Equivalence of Definitions of Limit Point of Filter Basis
Theorem
The following definitions of the concept of Limit Point of Filter Basis are equivalent:
Let $T = \struct {S, \tau}$ be a topological space.
Let $\FF$ be a filter on the underlying set $S$ of $T$.
Let $\BB$ be a filter basis of $\FF$.
Definition 1
A point $x \in S$ is called a limit point of $\BB$ if and only if $\FF$ converges on $x$.
$\BB$ is likewise said to converge on $x$.
Definition 2
A point $x \in S$ is called a limit point of $\BB$ if and only if every neighborhood of $x$ contains a set of $\BB$.
Proof
Let $\FF$ be a filter on $S$.
Let $\BB$ be a filter basis of $\FF$.
$(1)$ implies $(2)$
Let $x \in S$ be a limit Point of $\BB$ by definition $1$.
Then by definition $\FF$ converges on $x$.
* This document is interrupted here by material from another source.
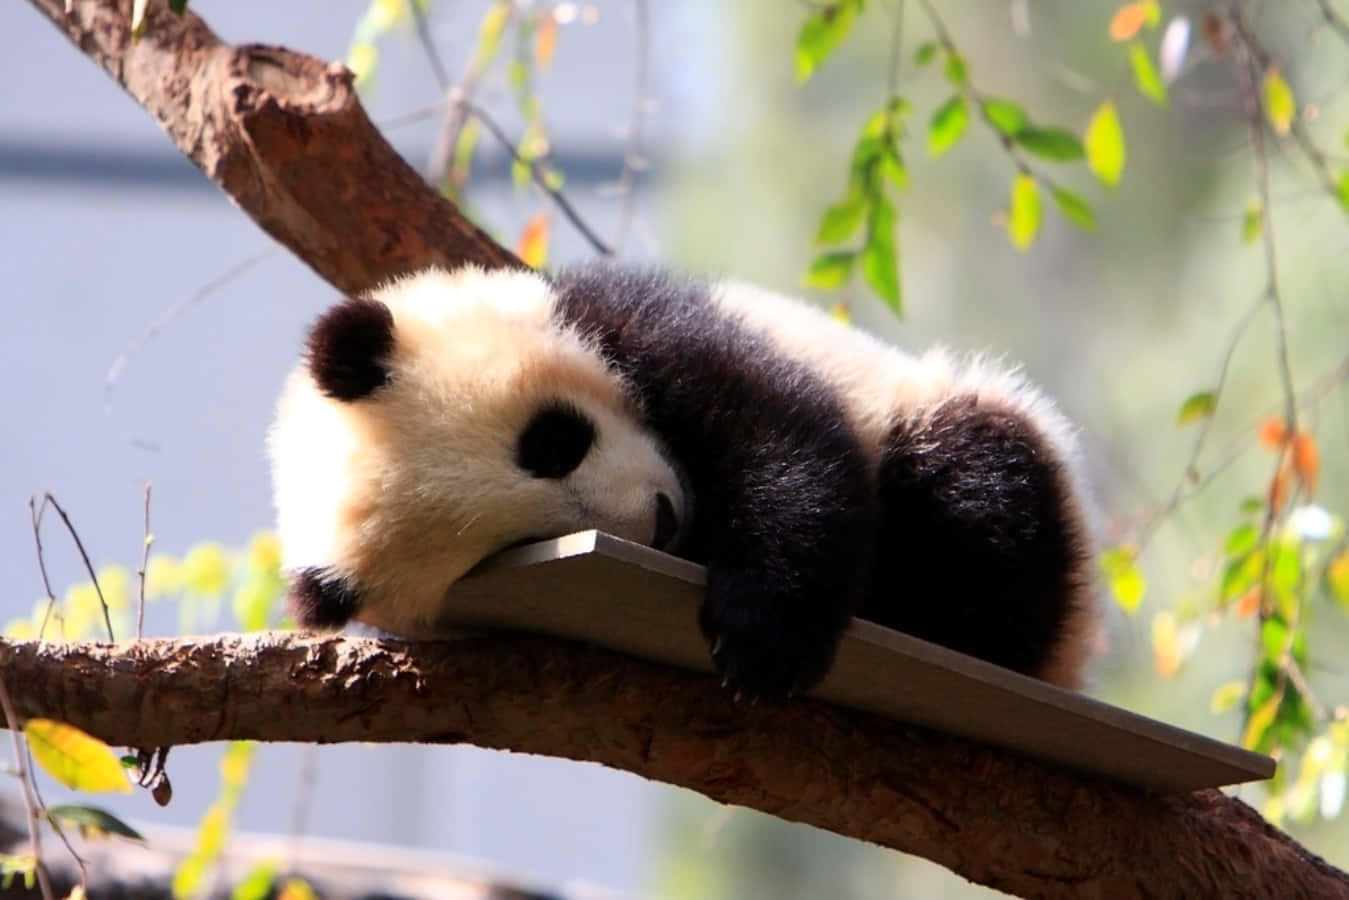 A Cute Pandas Sitting on a Bamboo Branch

By definition of convergent filter:
- $\forall N_x \subseteq S: N_x \in \FF$
where $N_x$ is a neighborhood of $x$.
That is, every neighborhood of $x$ is an element of $\FF$.
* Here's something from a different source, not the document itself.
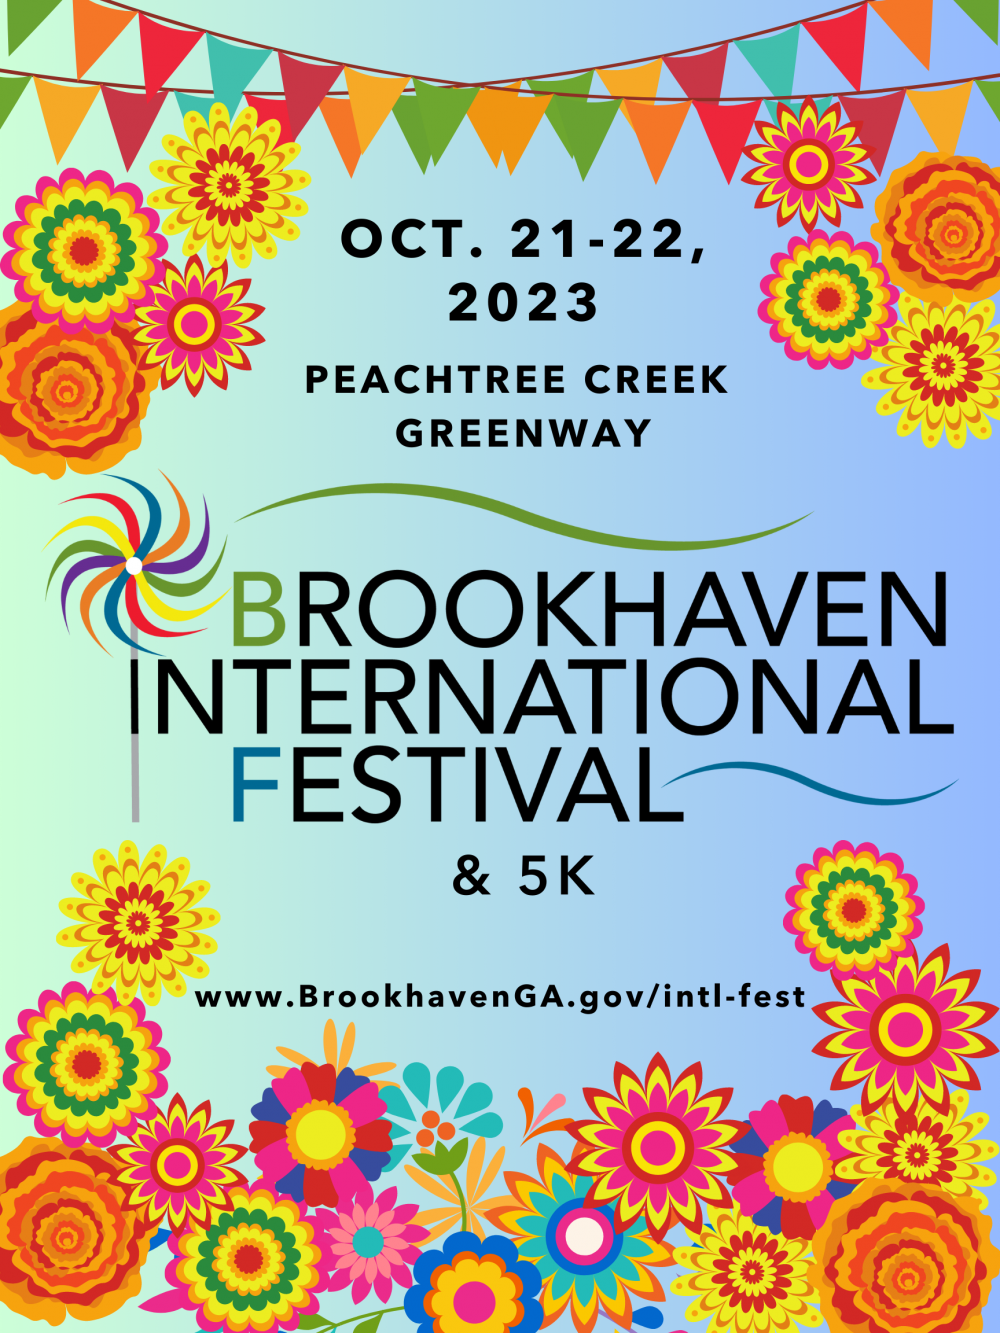 District 4 inaugural Brookhaven International Festival

By definition of filter basis:
- $\forall U \in \FF: \exists V \in \BB: V \subseteq U$
But we have shown that $N_x \in \FF$.
Therefore:
- $\exists V \in \BB: V \subseteq N_x$
That is, every neighborhood of $x$ contains a set of $\BB$.
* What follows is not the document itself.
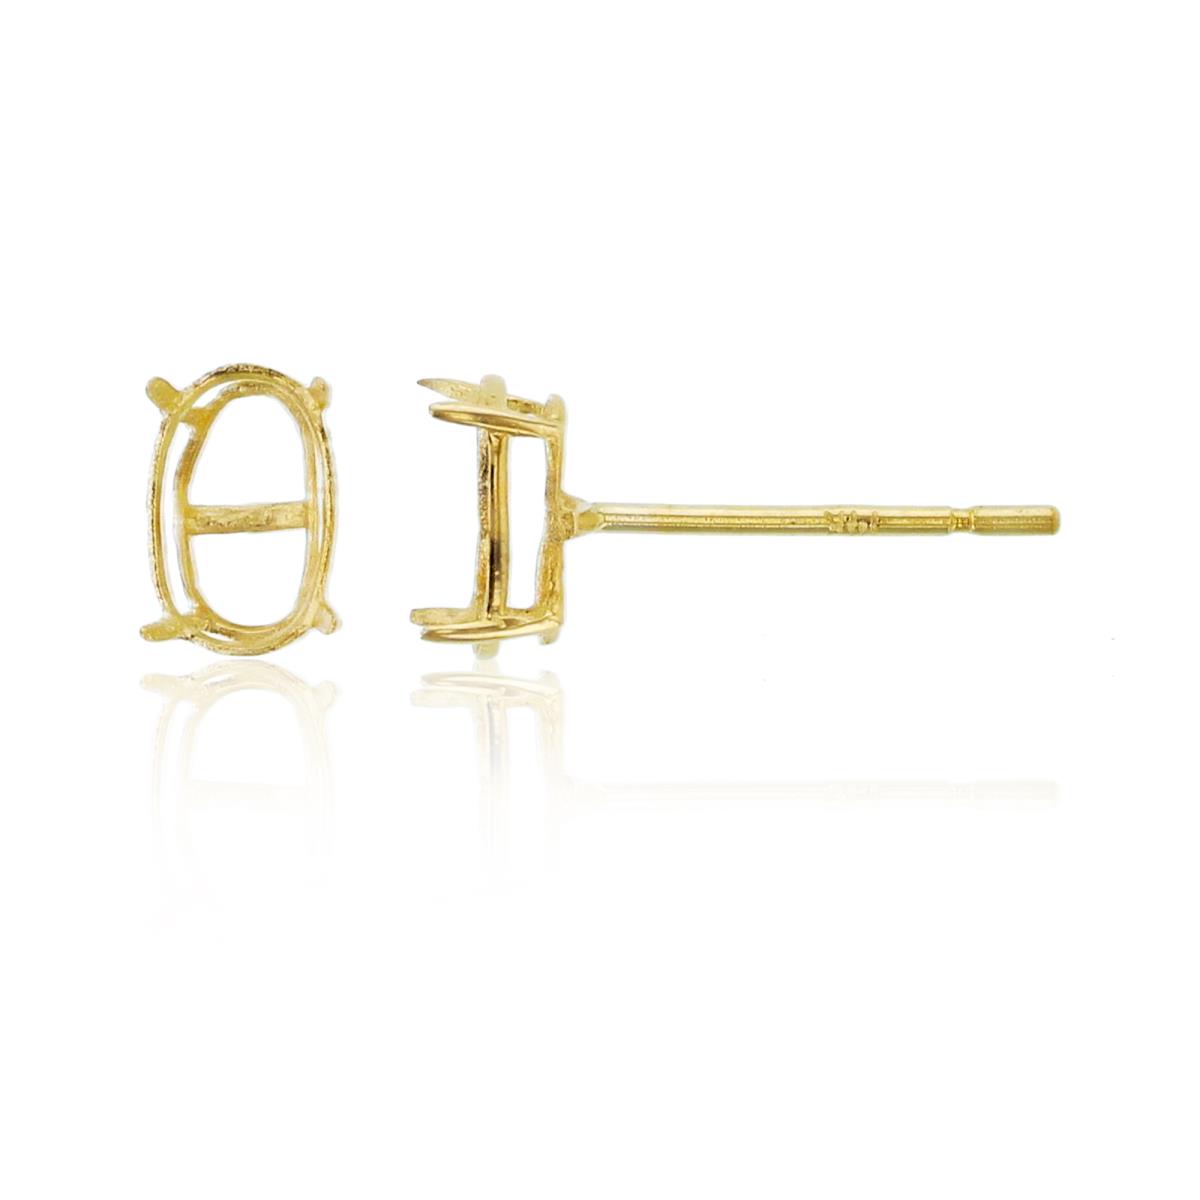 14K Yellow Gold 5x3mm Oval Basket Stud Earrings-1PR. No stones.

Thus $x \in S$ is a limit Point of $\BB$ by definition $2$.
$\Box$
$(2)$ implies $(1)$
Let $x \in S$ be a limit Point of $\BB$ by definition $2$.
Then by definition every neighborhood of $x$ contains a set of $\BB$.
By definition of filter basis, $\FF := \set {V \subseteq X: \exists U \in \BB: U \subseteq V}$ is a filter on $S$ if and only if:
- $\forall V_1, V_2 \in \BB: \exists U \in \BB: U \subseteq V_1 \cap V_2$
But then letting $V_1 = V_2 = V$, we have:
- $\forall V \in \BB: \exists U \in \BB: U \subseteq V$
and so $V \in \FF$.
Thus every neighborhood of $x$ is an element of $\FF$.
Thus, by definition, $\FF$ converges on $x$.
Thus $x \in S$ is a limit Point of $\BB$ by definition $1$.
$\blacksquare$